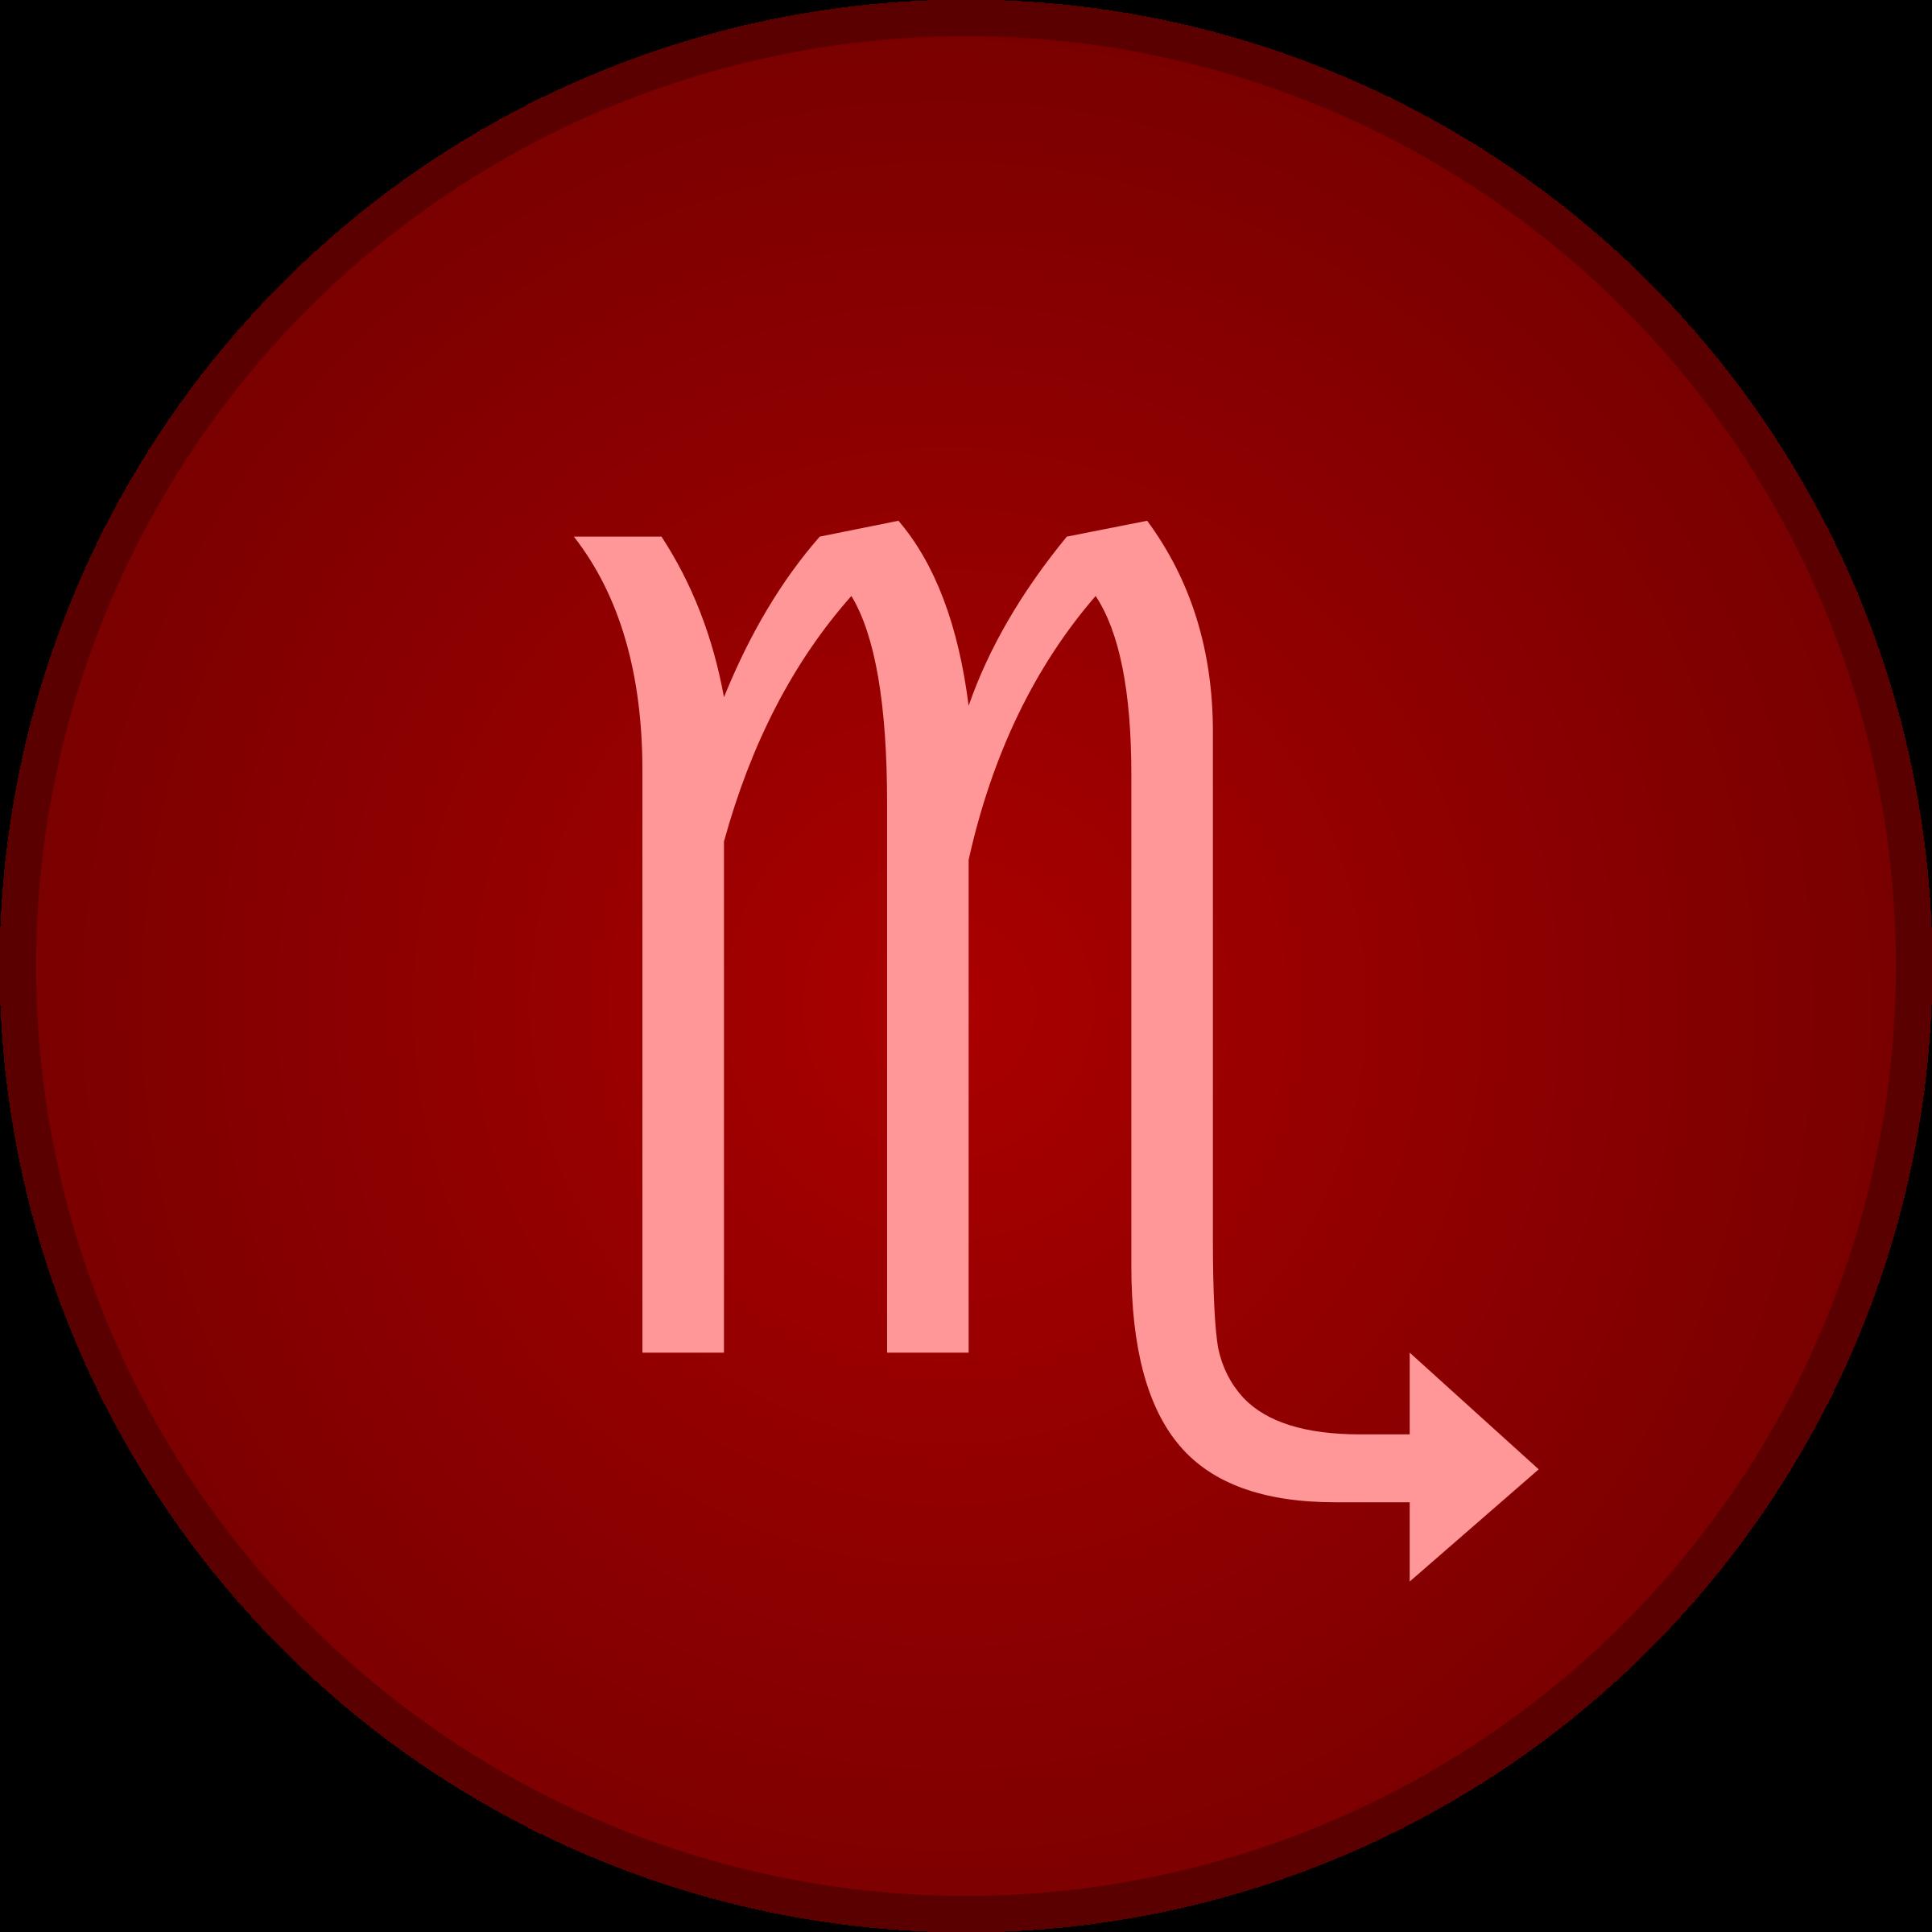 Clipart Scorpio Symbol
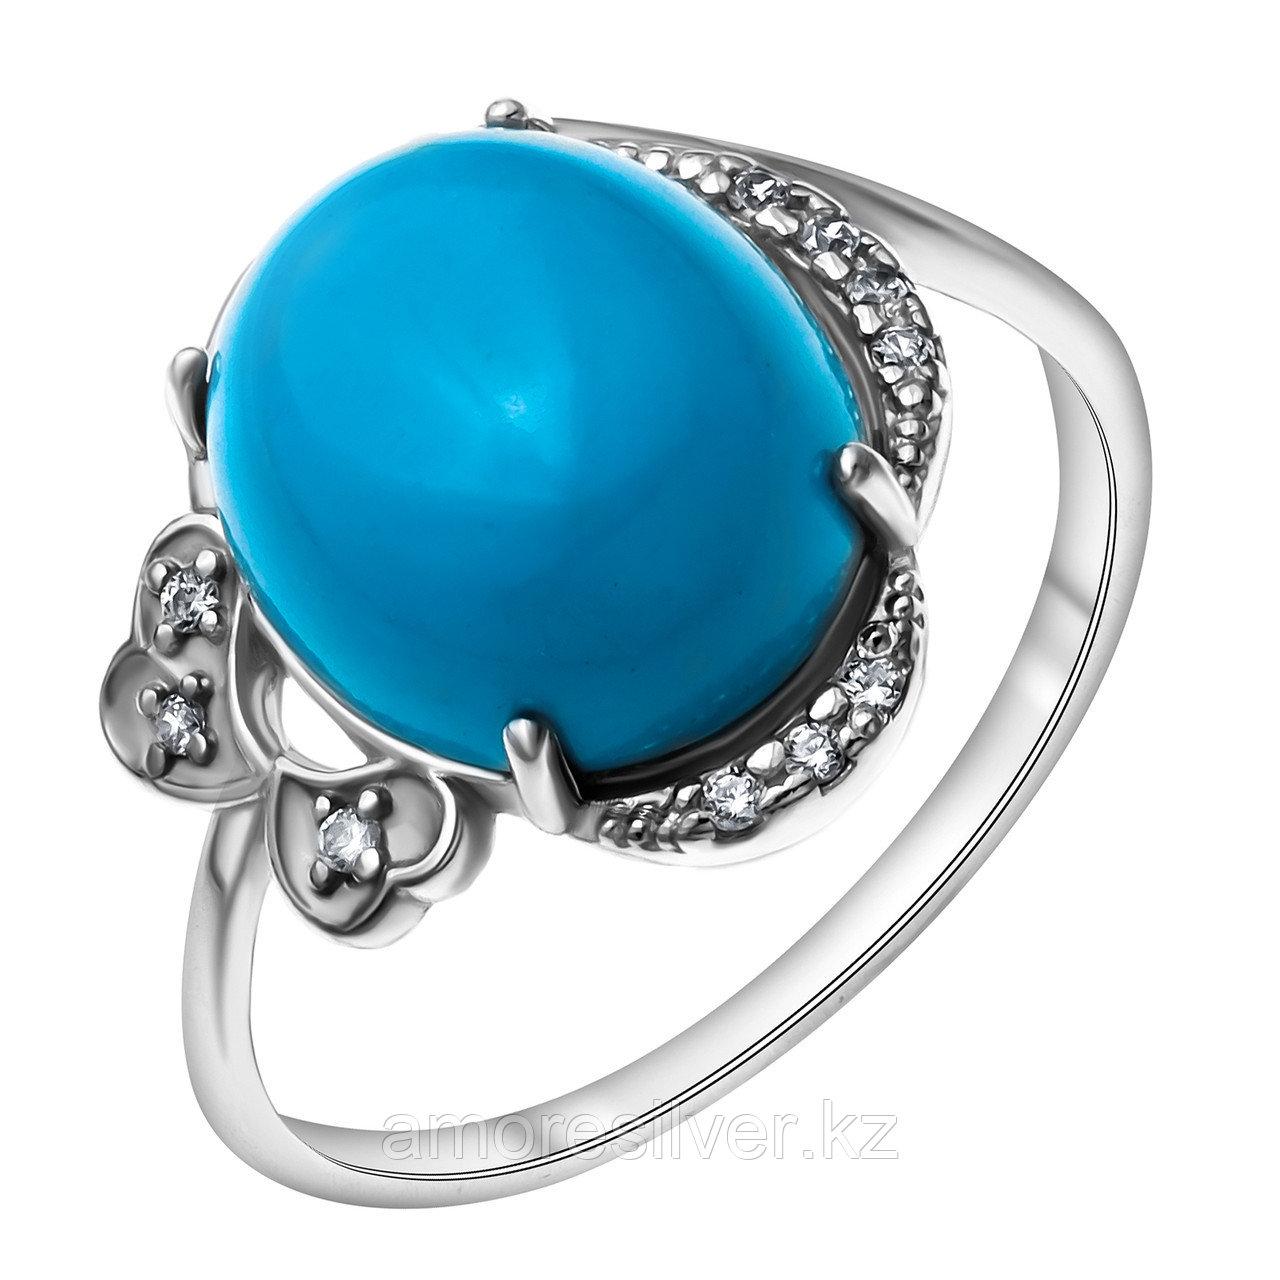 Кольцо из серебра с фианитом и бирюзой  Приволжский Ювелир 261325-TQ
* * *
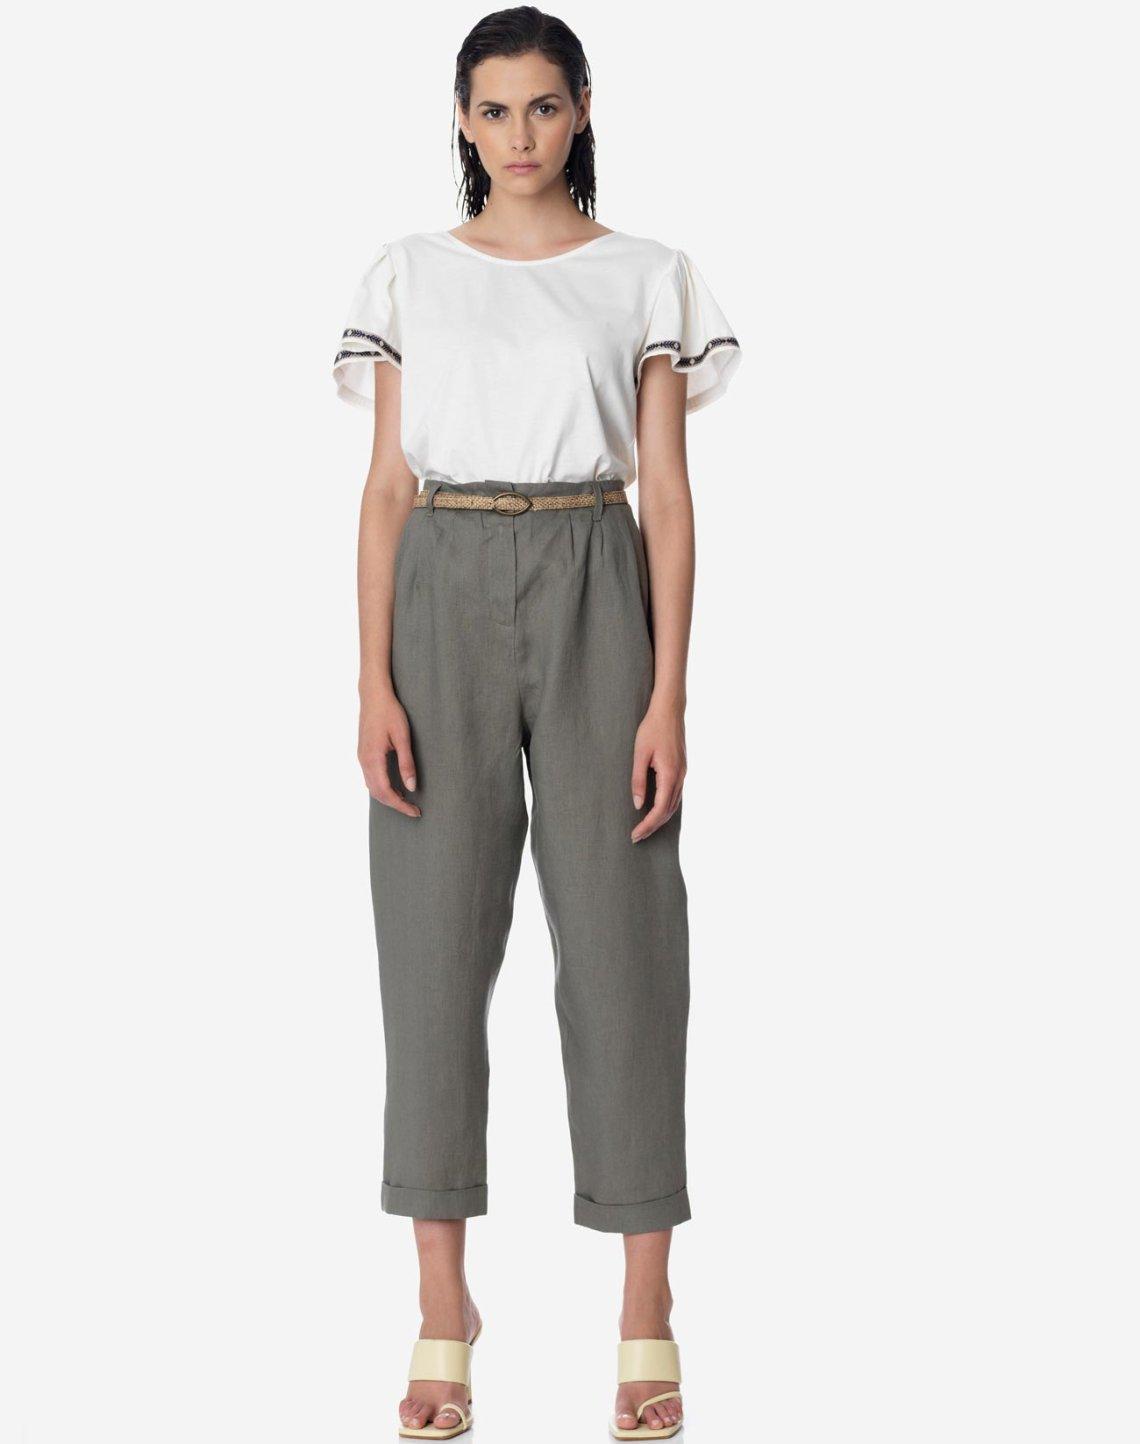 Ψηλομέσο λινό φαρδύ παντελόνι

◆ **Task directions**
Reproduce the data above exactly, but only from the line containing "Clipart Scorpio Symbol" through the line containing "Кольцо из серебра"; skip the pictures.

◆ **Result of the exercise**
 Clipart Scorpio Symbol
 Кольцо из серебра с фианитом и бирюзой  Приволжский Ювелир 261325-TQ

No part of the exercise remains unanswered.